Perseids and planets: Rendezvous in the morning sky

August 04, 2025

Mid-August is Perseids season. However, on the nights with the highest number of meteors, the Moon will be brightening up the sky and spoiling the show  this year. Early risers will be rewarded not only with shooting stars, but also with Jupiter and Venus making an appearance in the eastern sky in the morning hours though.

Midsummer is the time for shooting stars: The first Perseid meteors appear in the sky already mid to late July, seemingly coming from the constellation Perseus. The Perseids are a very reliable meteor shower, with a noticeable increase in shooting stars expected every year over a period of days and weeks. The number of shooting stars continues to increase until August 12 and then drops again towards the end of the month.

As with many other meteor showers, the viewing conditions for the Perseids are actually better during the second half of the night when the radiant, the point in the constellation Perseus from which the meteors appear to originate, rises higher and higher above the horizon. However, the same applies for the Moon this year on the nights around the maximum.

Full Moon is on 9 August 2025, and on 12 August, the Moon rises at around 22 CEST, about an hour after sunset. The side of the Moon facing Earth is 83% illuminated, so it noticeably brightens the sky. The moonlight will outshine many of the fainter shooting stars of the Perseid meteor shower, which require a dark sky to be observed. The brighter trails will remain, but the impression of meteors raining from the sky is unlikely to occur this year.

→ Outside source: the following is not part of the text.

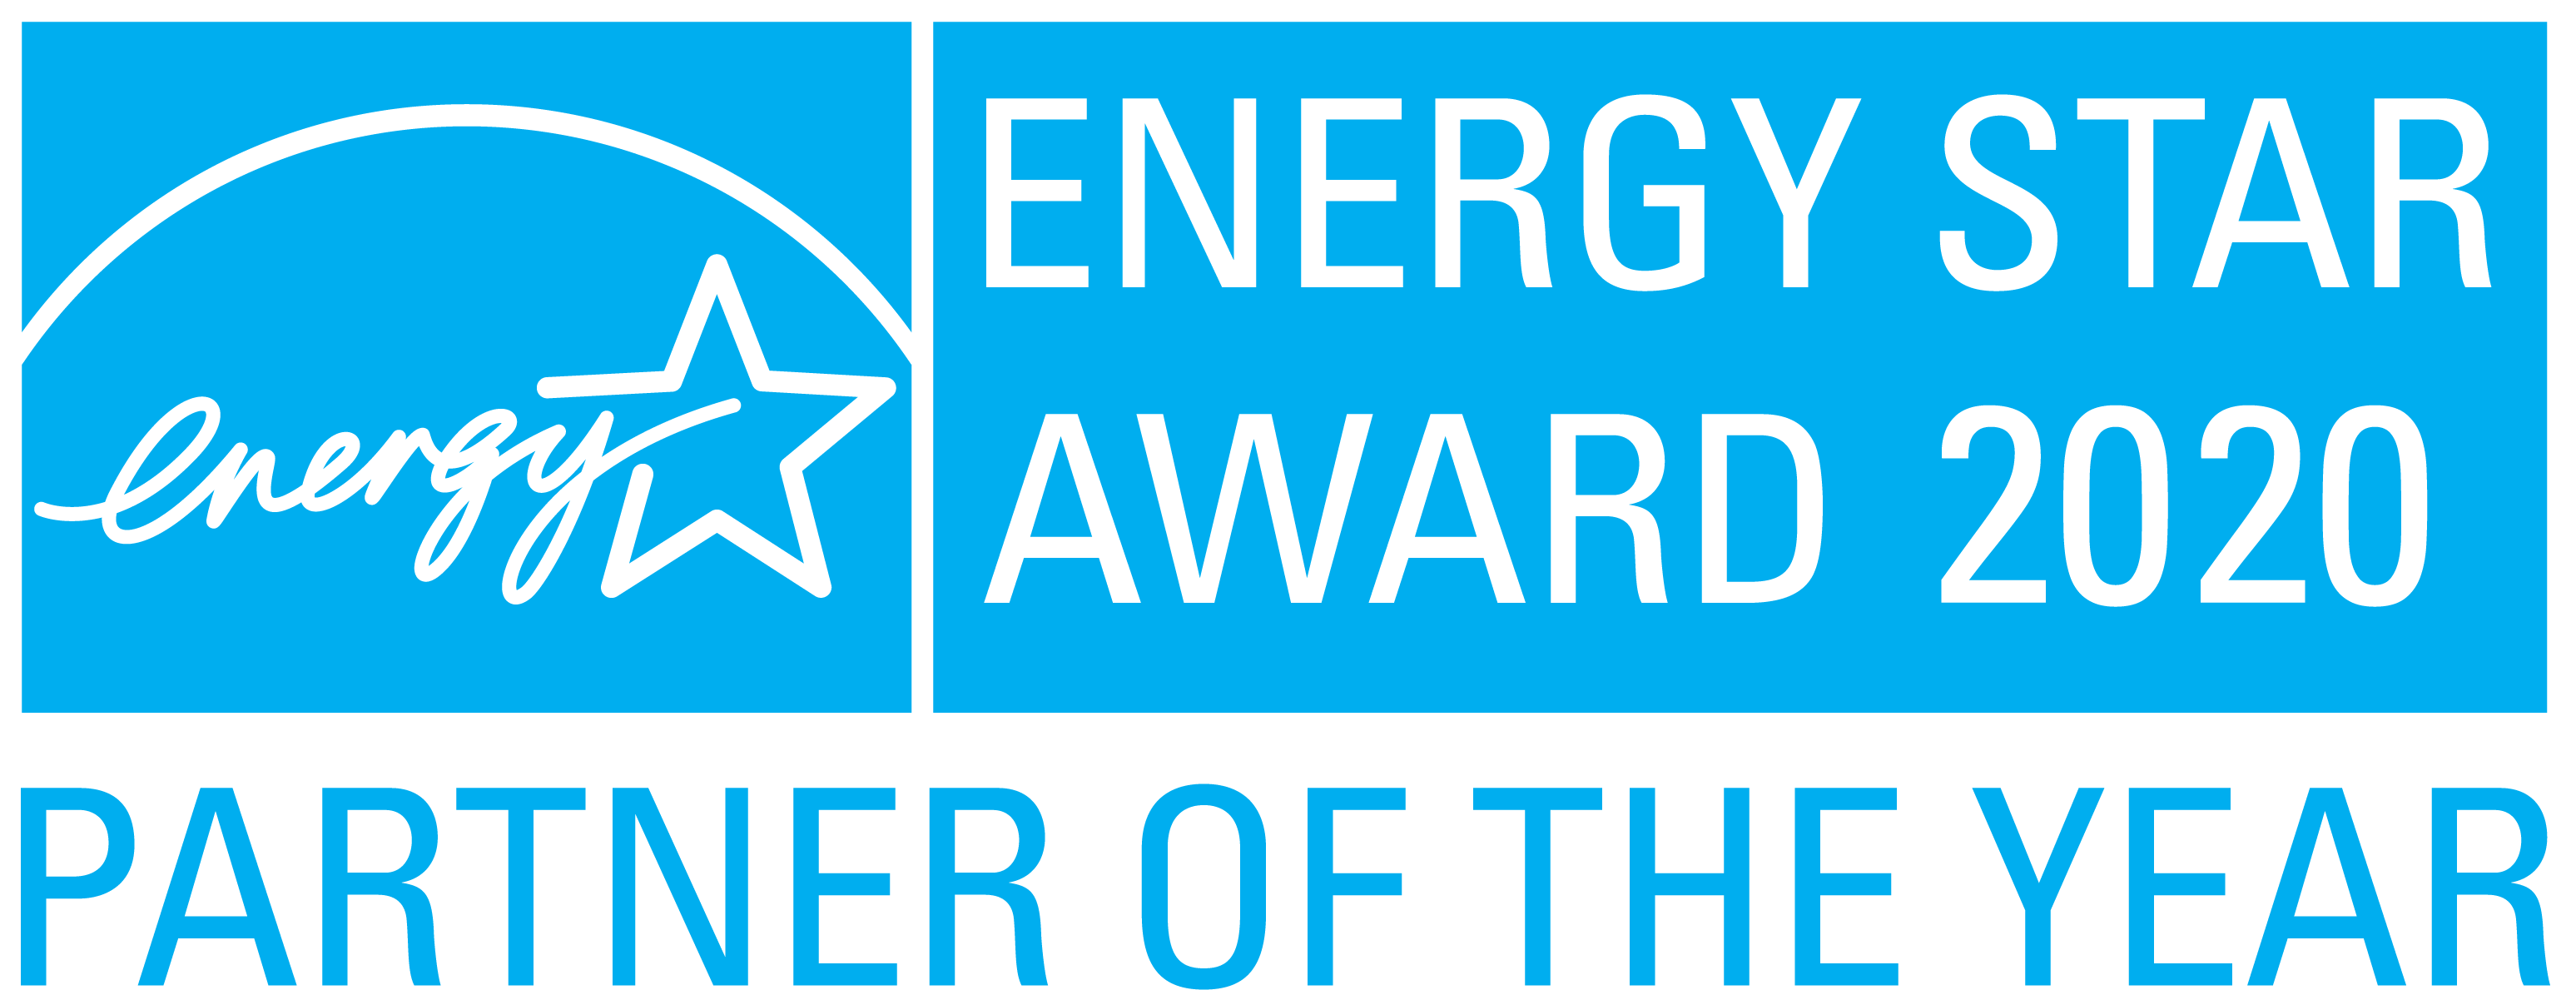 2020 Energy Star Partner of the Year Award

Anyone looking for shooting stars early in the morning around the maximum will be treated to a beautiful planetary constellation as a bonus: Jupiter and Venus rise at around 3:30 CEST. An hour later, the two are higher above the horizon and can still be easily observed for a while despite the onset of dawn. The two are together in Gemini, and on 12 August 2025, they will approach each other at less than two full moon diameters. The brighter Venus moves noticeably from night to night, and you can easily follow it with the naked eye as it approaches Jupiter from the right until 11 August and then moves away to the lower left starting on 13 August.

On 20 August 2025, the distance between the two will have grown to 16 full moon diameters when the then waning thin crescent Moon joins them. Low above the eastern horizon, you can also try to spot swift Mercury at dawn. However, it is easier to see the ringed planet Saturn, which is visited by the Moon in Pisces on 12 August and is visible in the south in the morning these days.

The radiant of the Perseids is not fixed in location: In the second half of August, it moves into the neighboring constellation Camelopardalis.